20. The pressure sensor according to claim 13, of piezoelectric
type, wherein said transducer structures comprise piezoresistive
elements carried by said membrane, and contact structures in
electrical contact with said piezoresistive elements.
21. The pressure sensor according to claim 20 wherein the bulk
region has a first conductivity type and the piezoresistive element
has a second conductivity type.
22. The pressure sensor according to claim 20 the bulk region and
the membrane are monocrystalline silicon, and the piezoresistive
element is polysilicon.
23. A semiconductor pressure sensor comprising: a common substrate
of a semiconductor material; a sensing capacitor including a sensor
cavity within a first part of the common substrate, a deflectable
membrane overlying and closing the sensor cavity, said membrane
being made of the semiconductor material, and a reference capacitor
including an insulating region within a second part of the common
substrate, the insulating region being adjacent to the sensor
cavity and having a plurality of cavities, and an electrode region
of the semiconductor material overlying the insulating region.
24. The semiconductor pressure sensor of claim 23, wherein the
substrate is of first conductivity type, and the membrane and
electrode region are of second conductivity type.
25. The semiconductor pressure sensor of claim 23 wherein the
sensor cavity is filled with hydrogen gas.
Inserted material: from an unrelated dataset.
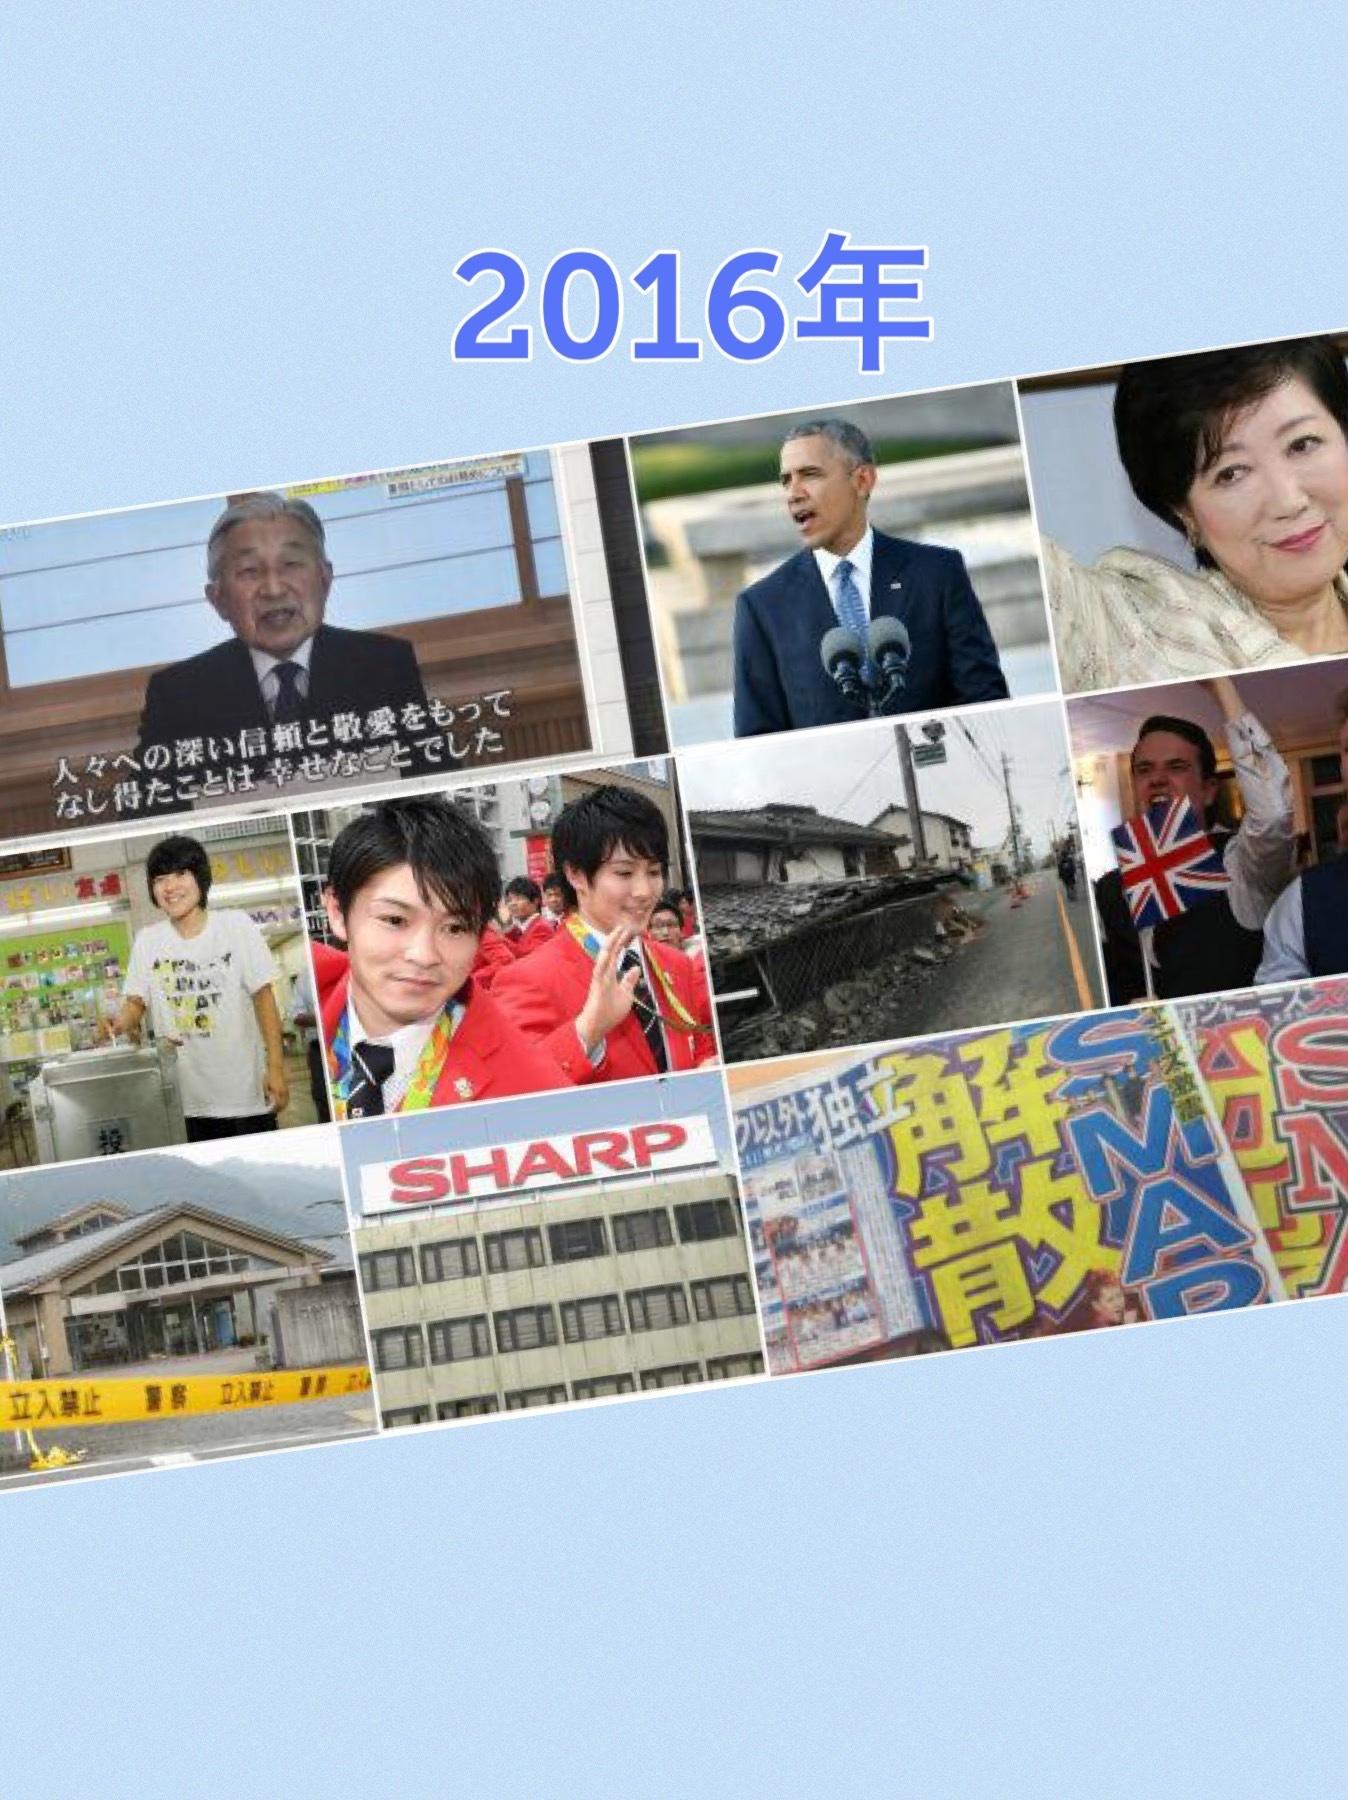 2016年の出来事

26. The semiconductor pressure sensor of claim 23 wherein the
plurality of cavities in the insulating region are filled with an
insulating material.
27. The semiconductor pressure sensor of claim 23 further
comprising: a first contact region formed in said membrane, a
second contact region formed in said bulk region surrounding the
membrane; a third contact region formed in said electrode region,
and a fourth contact region formed in said bulk region surrounding
the electrode region.
28. The semiconductor pressure sensor of claim 23 wherein the
membrane forms a first electrode.
29. The semiconductor pressure sensor of claim 23 wherein the
common substrate underlying both the sensing capacitor and the
reference capacitor forms a bottom electrode for the pressure
sensor.
30. A semiconductor pressure sensor comprising: a sensing capacitor
having a first electrode and a first dielectric region underlying
the first electrode; a reference capacitor having a second
electrode and a second dielectric region underlying the second
electrode; and a semiconductor substrate underlying the first and
second dielectric regions and forming a bottom electrode; wherein,
the first electrode is a deflectable membrane and the first
dielectric region is a cavity filled with a gas.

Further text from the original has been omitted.